Davutoğlu, Erzincan'ın kurtuluşunu hep beraber idrak ettiklerini, Sünni-Alevi bir araya gelmeyip kurtuluş için mücadele edilmemiş olsa bugün ne camilerde namaz kılınabileceğini ne de cemevinde cem yapılabileceğini söyledi.
“Bu dergahta birliği hep beraber savunacağız”

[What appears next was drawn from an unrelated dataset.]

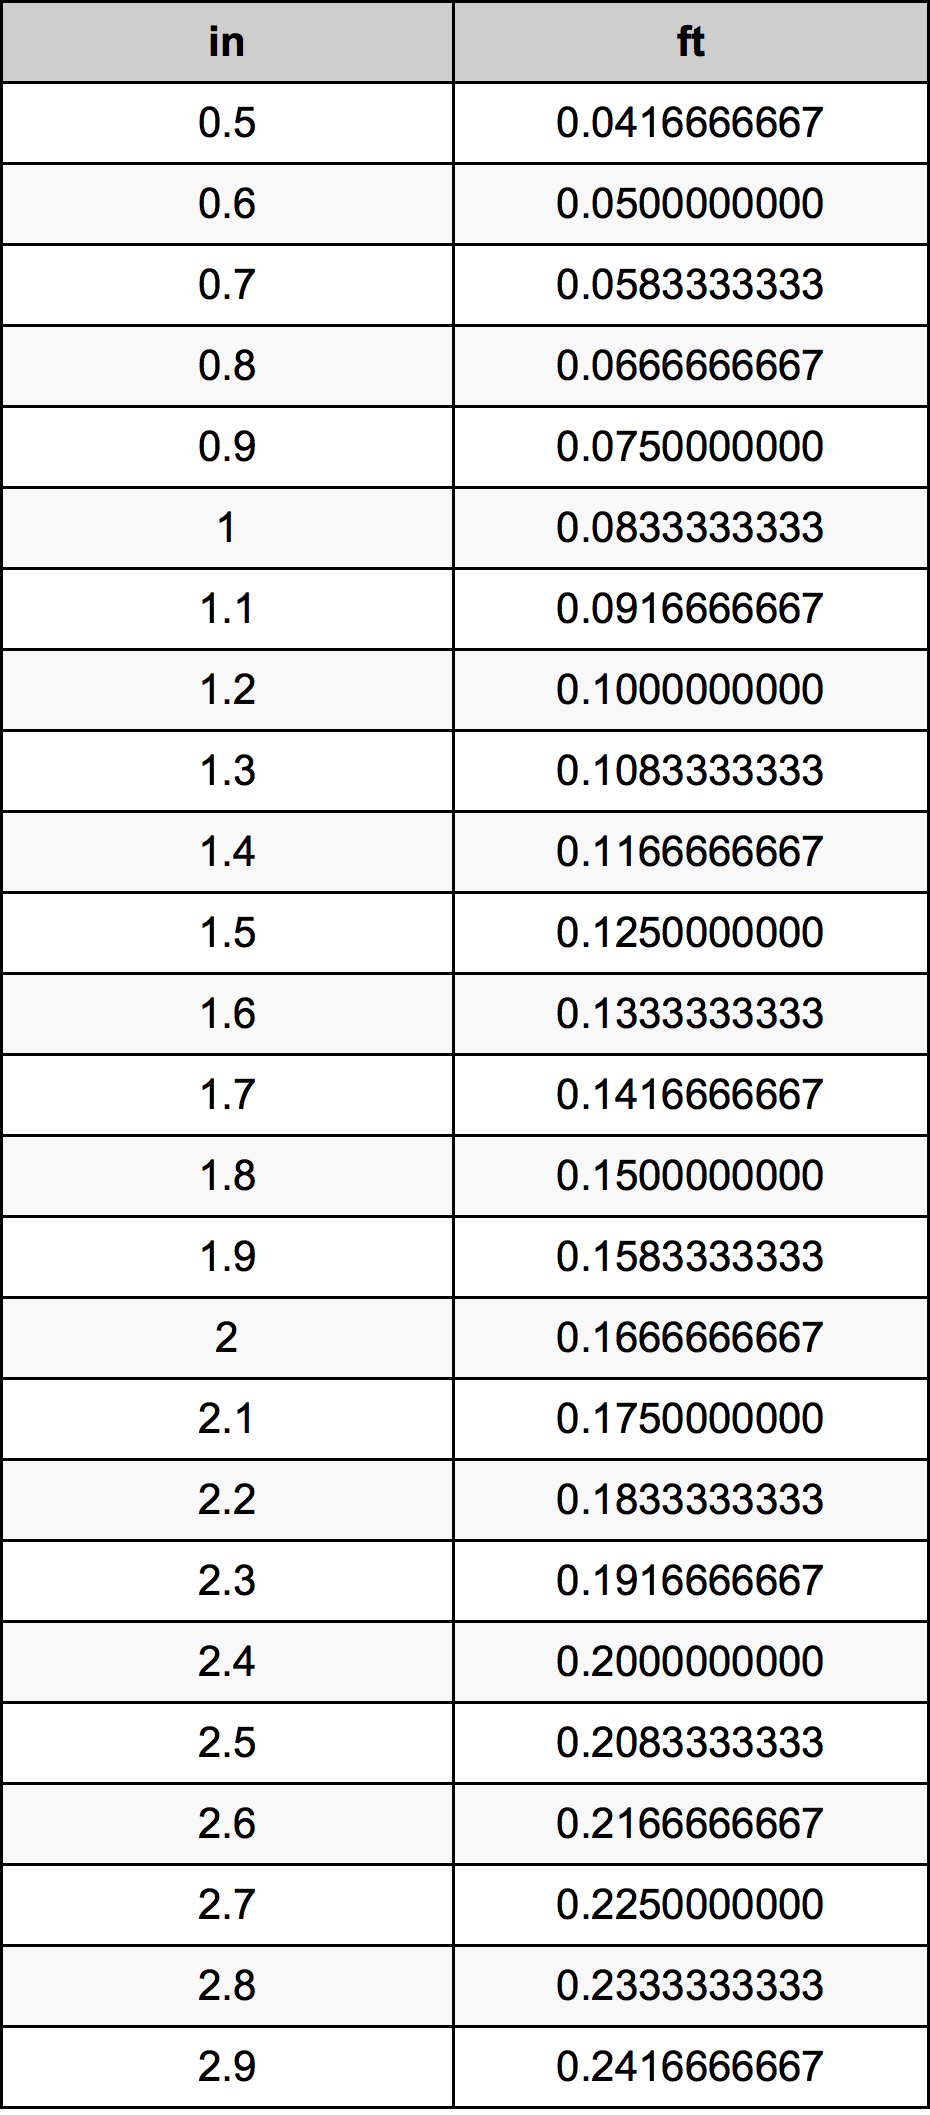 1.7 Pulzier konverżjoni tabella

Bu vatanda herkesin istediği gibi ibadetini yapabilmesi için istiklalin, devletin bekasının ve milletin birliğinin devamının şart olduğunu vurgulayan Davutoğlu, şunları kaydetti:
"Suriye'de Irak'ta 'Sünni-Şii, Sünni-Alevi' diye nice canlar katlediliyor. Allah bu topraklardan hiçbir canın kaybolmaması için bize birlik şuuru versin. Ancak o zaman can Erzincan ve canımızdan içre bütün Türkiye, 78 milyon kardeşlik içinde yaşar. Erzincan istila gördüğünde düşmanlar 'Sen Sünni'sin, sen Alevi'sin, sen Türk'sün sen Kürt'sün' diye bakmadılar. Herkese zulmettiler. Erzincan'da, 1939'da ve 1992'de deprem olduğunda herkesin evi yıkıldı. Komşular dışarı çıktığında, 'Ya bu Sünni'dir, buna yardım edelim, şu Alevi'dir evin altında kalsın' ya da 'bu Alevi'dir kurtaralım, şu Sünni'dir evin altında kalsın' dediler mi? demediler. Hep beraber yaraları sardılar. Bu ülke büyük bir ev, büyük bir yuva, dergah. Bu yuvayı bozmak, bu yuvaya ateş düşürmek isteyen kim olursa olsun ona hep beraber Hak, Muhammed, Ali hürmetine karşı çıkacağız. Kim bu yuvada, bu dergahta birliği beraberliği savunursa hep beraber savunacağız."
Davutoğlu, başbakanlığın zor iş olduğunu üzerinde insanların haklarının olduğunu, büyük bir emaneti taşıdığını, kimsenin kalbinde bir leke bırakmamak için çalıştığını belirtti.
“Birçok şey yaptık yapmaya devam edeceğiz”
Başbakan olduktan sonra sırasıyla Hacı Bayram Veli, Ebu Eyüp El Ensari, Hz. Mevlana ve Hacı Bektaş-ı Veli'yi ziyaret ettiğini anımsatarak, "Hz.Mevlana'nın ve Hacı Bektaş-ı Veli'nin huzuruna gelenlere verdiğiniz 'para ödemeyeceksiniz' sözümüzü yerine getirdik. Bundan sonra da sizin ihtiyaçlarınızı yerine getireceğiz. Birçok şey yaptık ve yapmaya da devam edeceğiz. Buraya sizin için ne yaptığımızı anlatmaya gelmedim. Sizin ceminize 'hayır olsun' demeye geldim. Allah ülkemizi bütün şerlerden muhafaza eylesin. Hayırların kapısını bütün milletimize açsın. Bugünün şerri, milletin vatanın birliğine kastedenler. Allah onlara karşı da birliğimizi, dirliğimizi daim eylesin" değerlendirmesinde bulundu.